Peripherally inserted central venous catheters (PICCs) serve as an alternative to short-term central venous catheters (CVCs) for providing intravenous access in hospitalized patients. Although a number of studies suggest that PICCs are associated with a lower risk of central line-associated bloodstream infections (CLABSIs) than CVCs, recent data concerning specific patient groups support the contrary. In this regard, Pitiriga, et al. (2022) compared CVC- and PICC-related CLABSI rates developed in a selected group of critically ill inpatients and evaluating the CLABSI microbiological distribution.
The study was conducted at a tertiary care hospital in Greece between May 2017 and May 2019. The researchers performed a two-year retrospective analysis of the data collected from medical records of consecutive adult patients who underwent PICC or CVC placement.
A total of 1187 CVCs placed for 9774 catheter-days and 639 PICCs placed for 11,110 catheter-days, were reported and analyzed during the study period. Among CVCs, a total of 59 (4.9%) CLABSIs were identified, while among PICCs, 18 (2.8%) cases presented CLABSI (p = 0.029). The CLABSI incidence rate per 1,000 catheter-days was 6.03 for CVC group and 1.62 for PICC group (p < 0.001). The CLABSI rate due to multidrug-resistant organisms (MDROs) among the two groups was 3.17 in CVC group and 0.36 in PICC group (p < 0.001). Within CLABSI-CVC group, the most common microorganism detected was MDR Acinetobacter baumannii (27.1%) followed by MDR Klebsiella pneumoniae (22%). In CLABSI-PICC group, the predominant microorganism was Candida spp. (33.3%) followed by non-MDR gram-negative pathogens (22.2%).
The researchers concluded that PICC lines were associated with significantly lower CLABSI rates comparing to CVC although they were in place longer than CVC lines.
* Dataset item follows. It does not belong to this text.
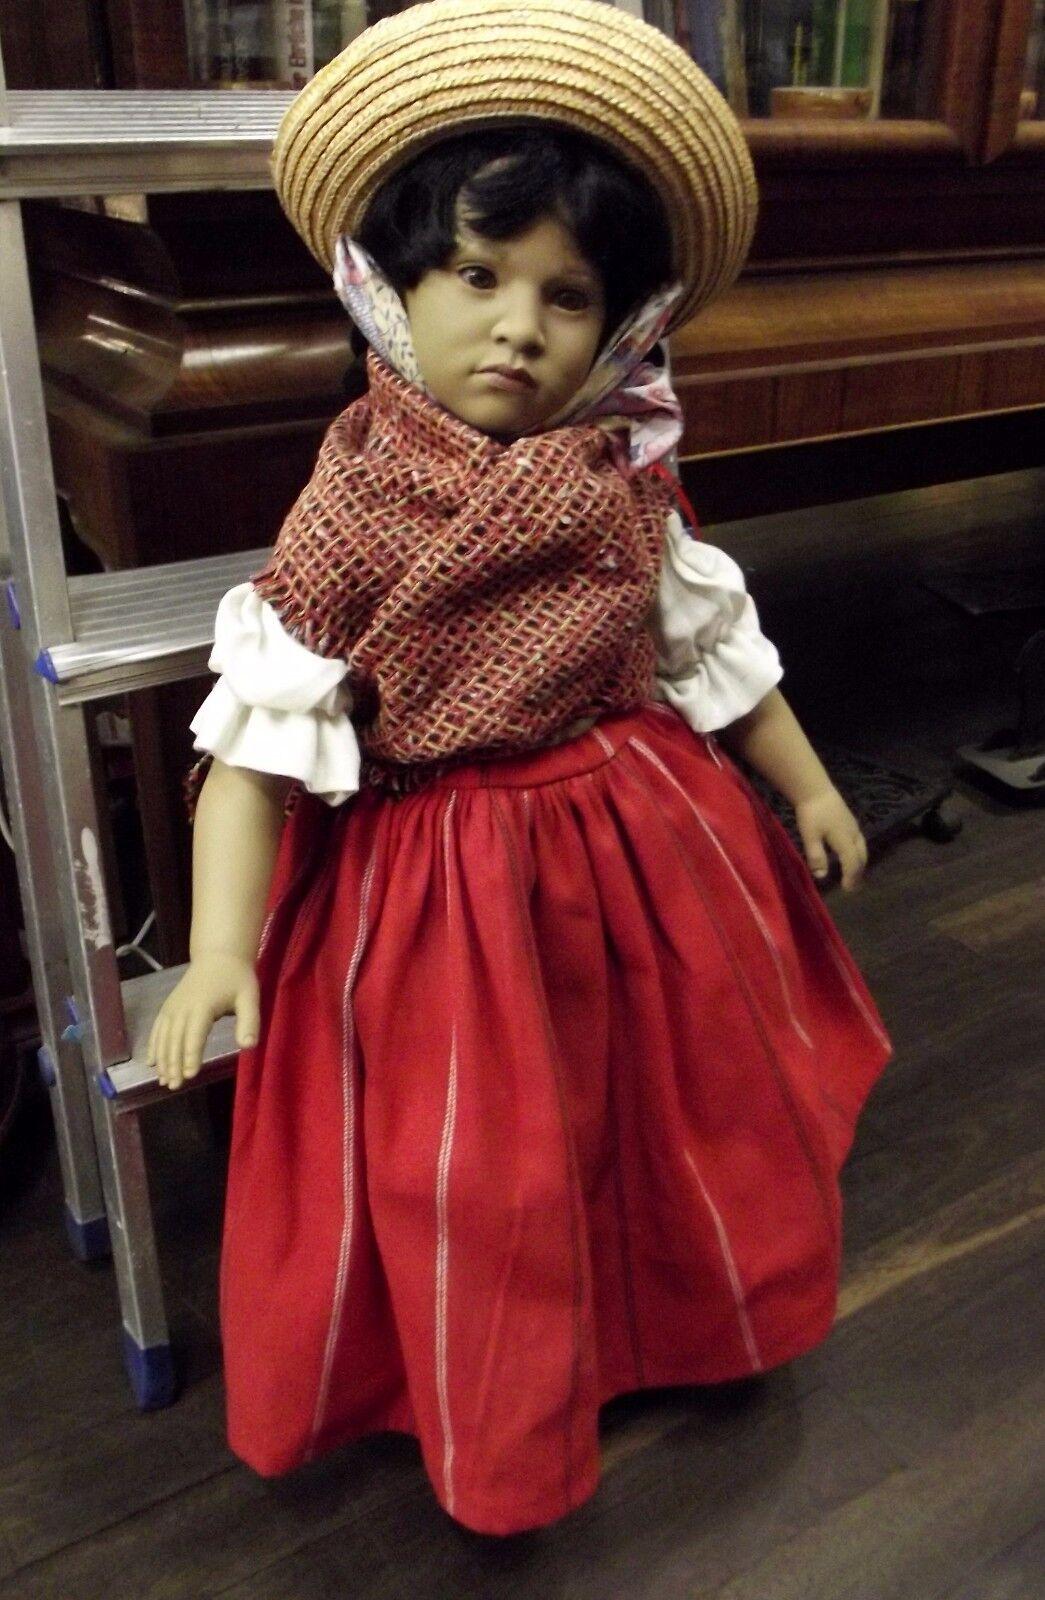 Puppe, groß, Designerpuppe, Künstlerpuppe, hohe Qualität, Mexikanerin, Nr. 1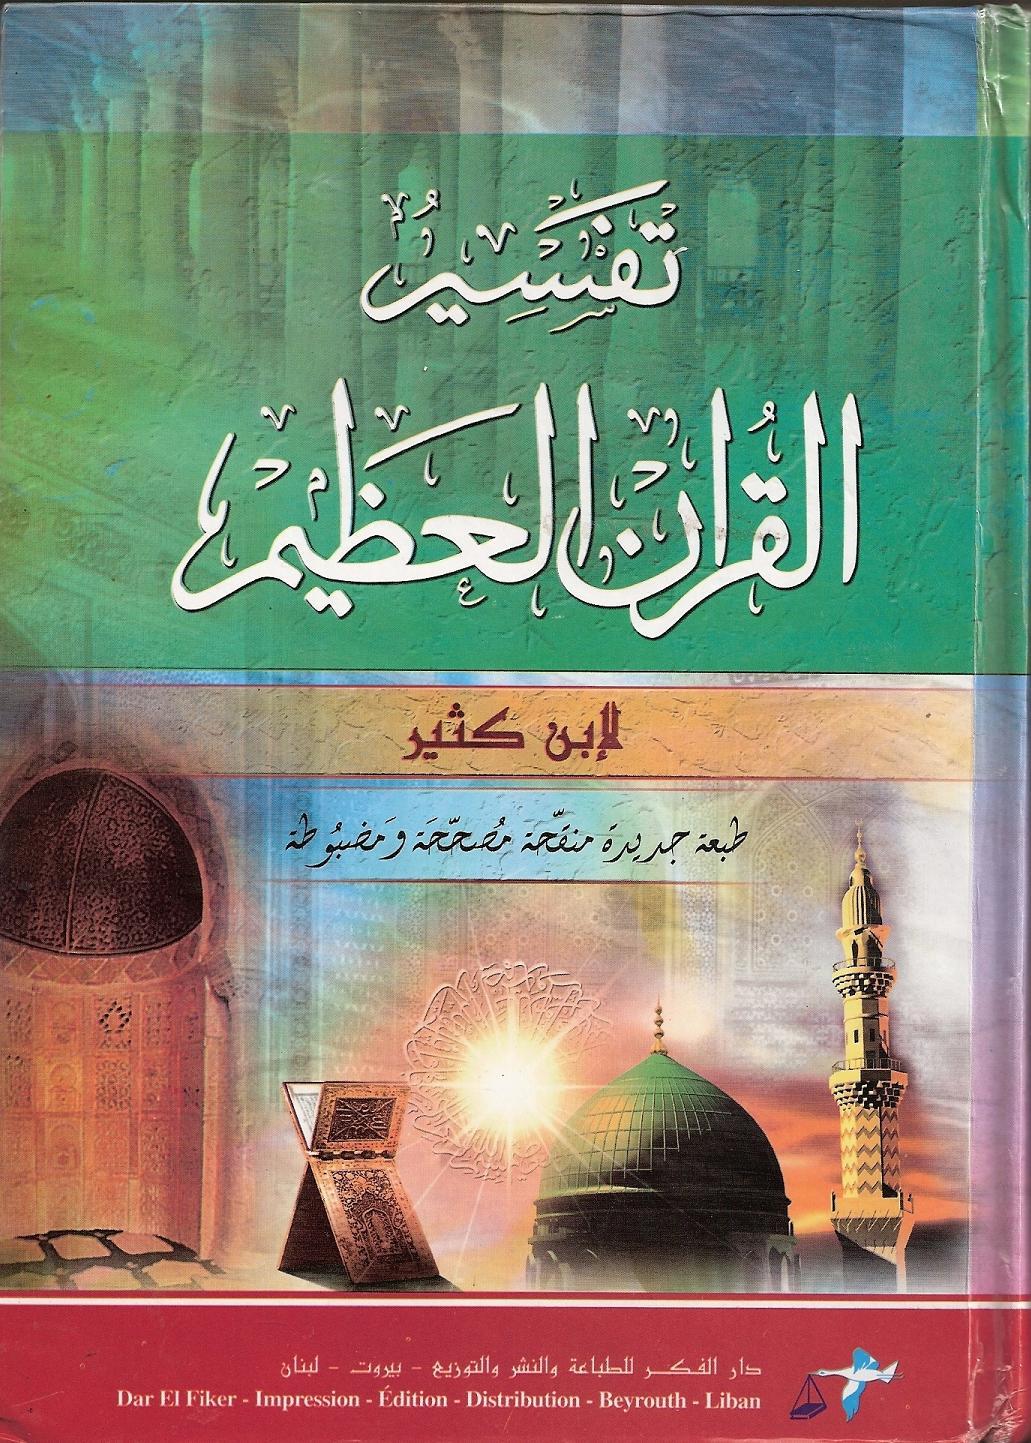 tafsir ibn kathir en arabe pdf gratuit

Given their longer time to the development of infection, PICCs may be a safer alternative for prolonged inpatient IV access. The high prevalence of CLABSI-MDROs depicts the local microbial ecology, emphasizing the need of public health awareness.
Reference: Pitiriga V, et al. Lower risk of bloodstream infections for peripherally inserted central catheters compared to central venous catheters in critically ill patients. Antimicrobial Resistance & Infection Control. Vol. 11, article number 137 (2022).